An earlier and less detailed version of this method has been reported by other researchers, who nonetheless obtained valuable information by detecting repetitive sequences that helped trace the differences between organisms that emerged as they evolved. The current method should help add to the utility of this tool.
When applied to the SARS-CoV-2 sequence and one randomly chosen variant, the researchers found that the IE spectrum method at various window and step sizes picked up six of seven total mutations identified by direct comparison at the nucleotide level.
However, using m-block values less than 3, corresponding to the number of nucleotides in a codon, they found that m=2 yielded all the seven mutations, while also allowing for the identification of possible correlations between nucleotides. Moreover, this value is independent of window and step size values.
The researchers write:
Our study indicates that the best m-block size is 2 and the optimal window size should contain more than 9, and less than 33 nucleotides.”

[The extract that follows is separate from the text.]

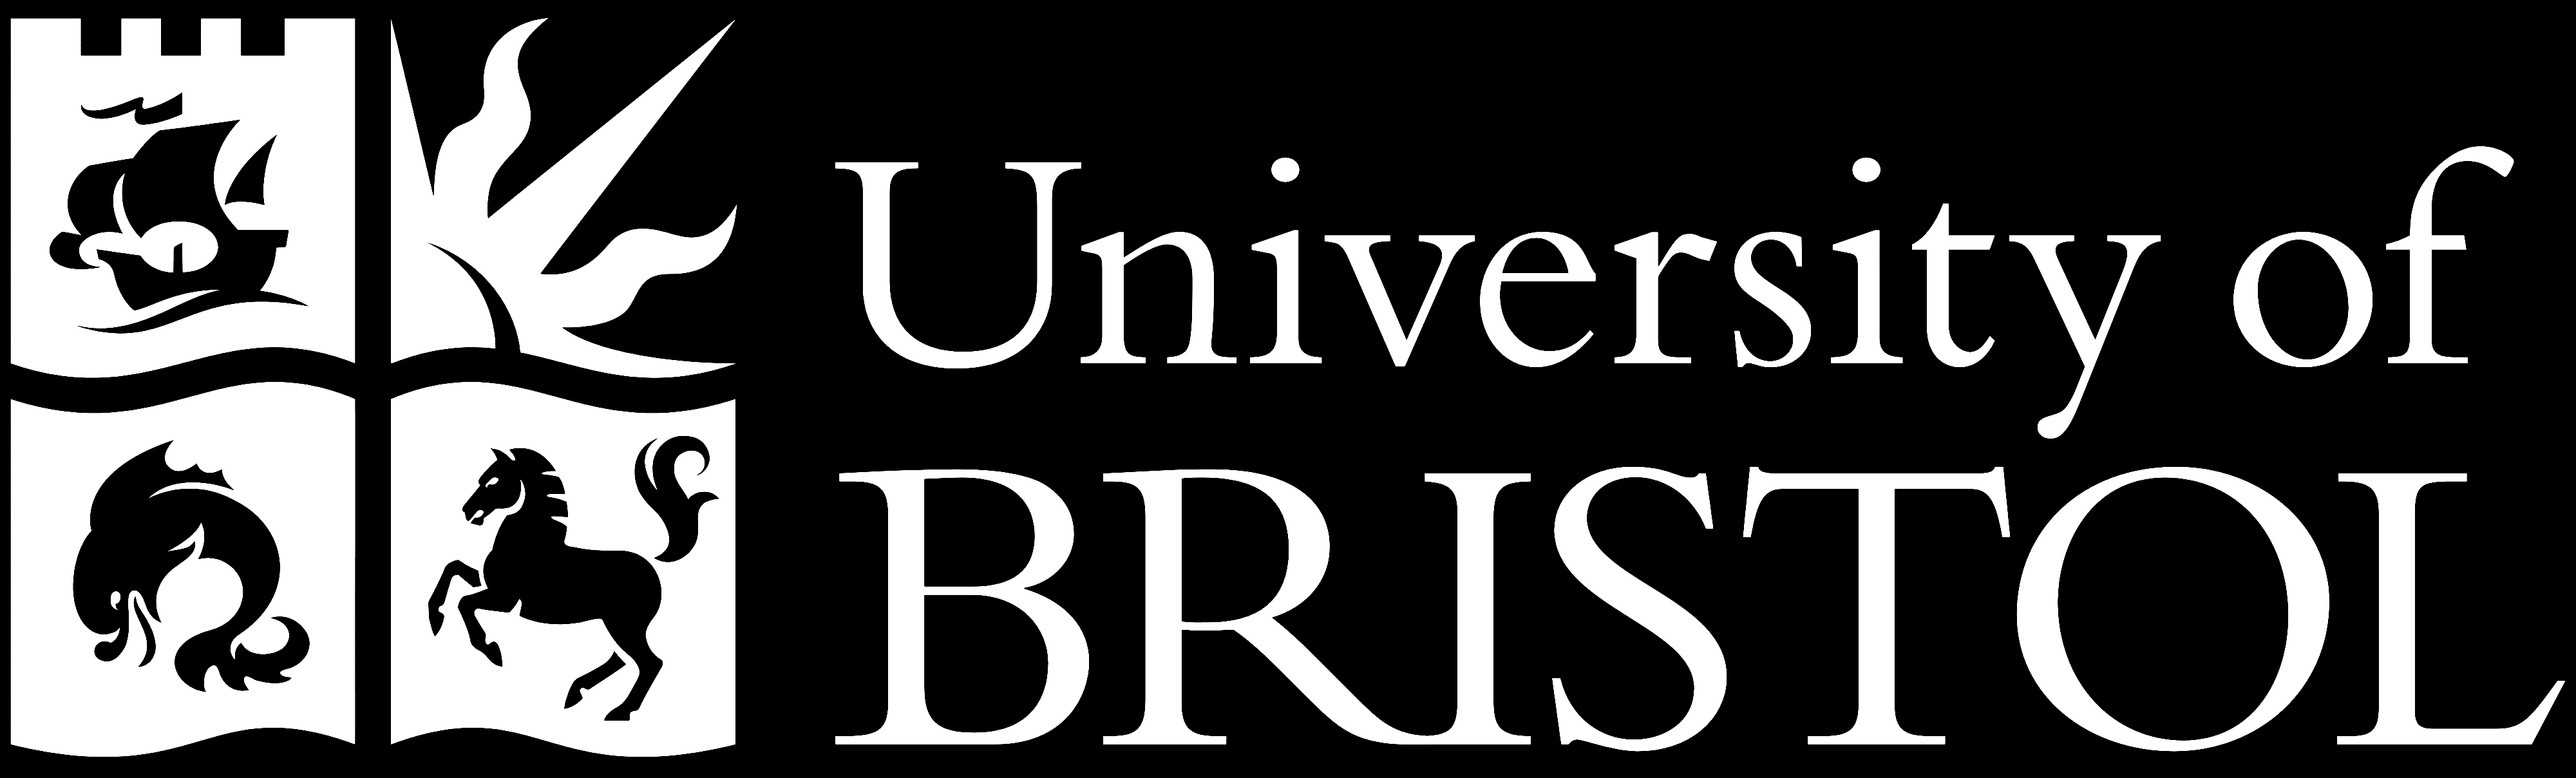 University_of_Bristol_logo_Inverted
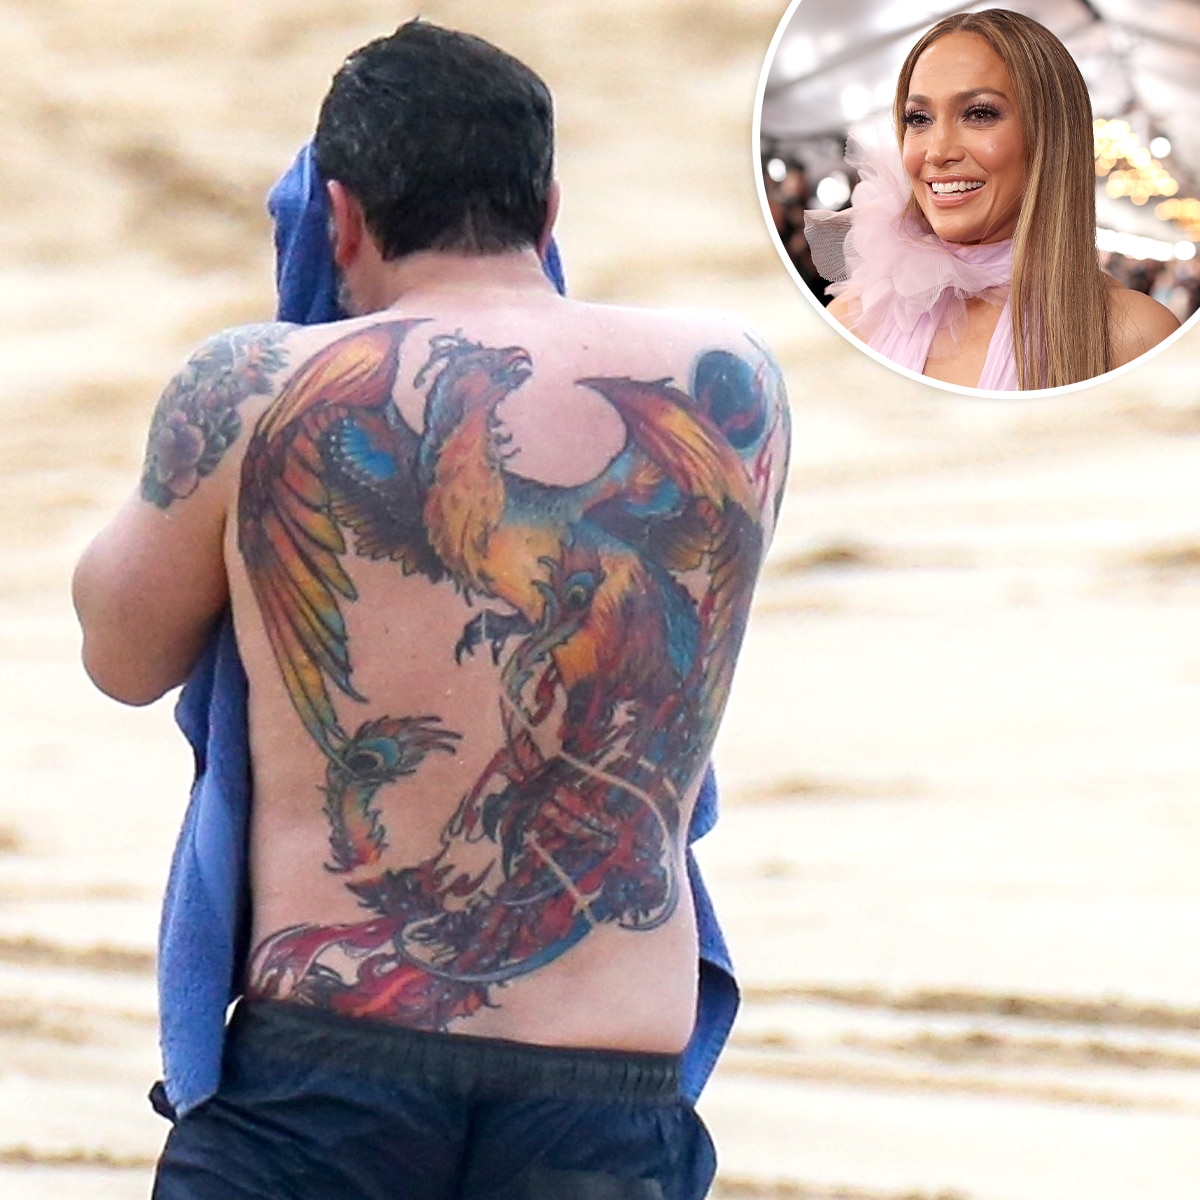 Jennifer Lopez Ben Affleck get matching tattoos on Valentines Day

What are the implications?
The study reports an early program based on information theory that can detect single point mutations using the ratio of IE spectra. Further work will help identify indel mutations as well. Other algorithms and equations may help identify mutations.
However, this technique may show the greatest value in its reverse application, examining the points where mutations are known to have occurred. This would allow special features in the IE spectrum to be linked to the location of the mutations in the genome and predict possible future mutations.
bioRxiv publishes preliminary scientific reports that are not peer-reviewed and, therefore, should not be regarded as conclusive, guide clinical practice/health-related behavior, or treated as established information.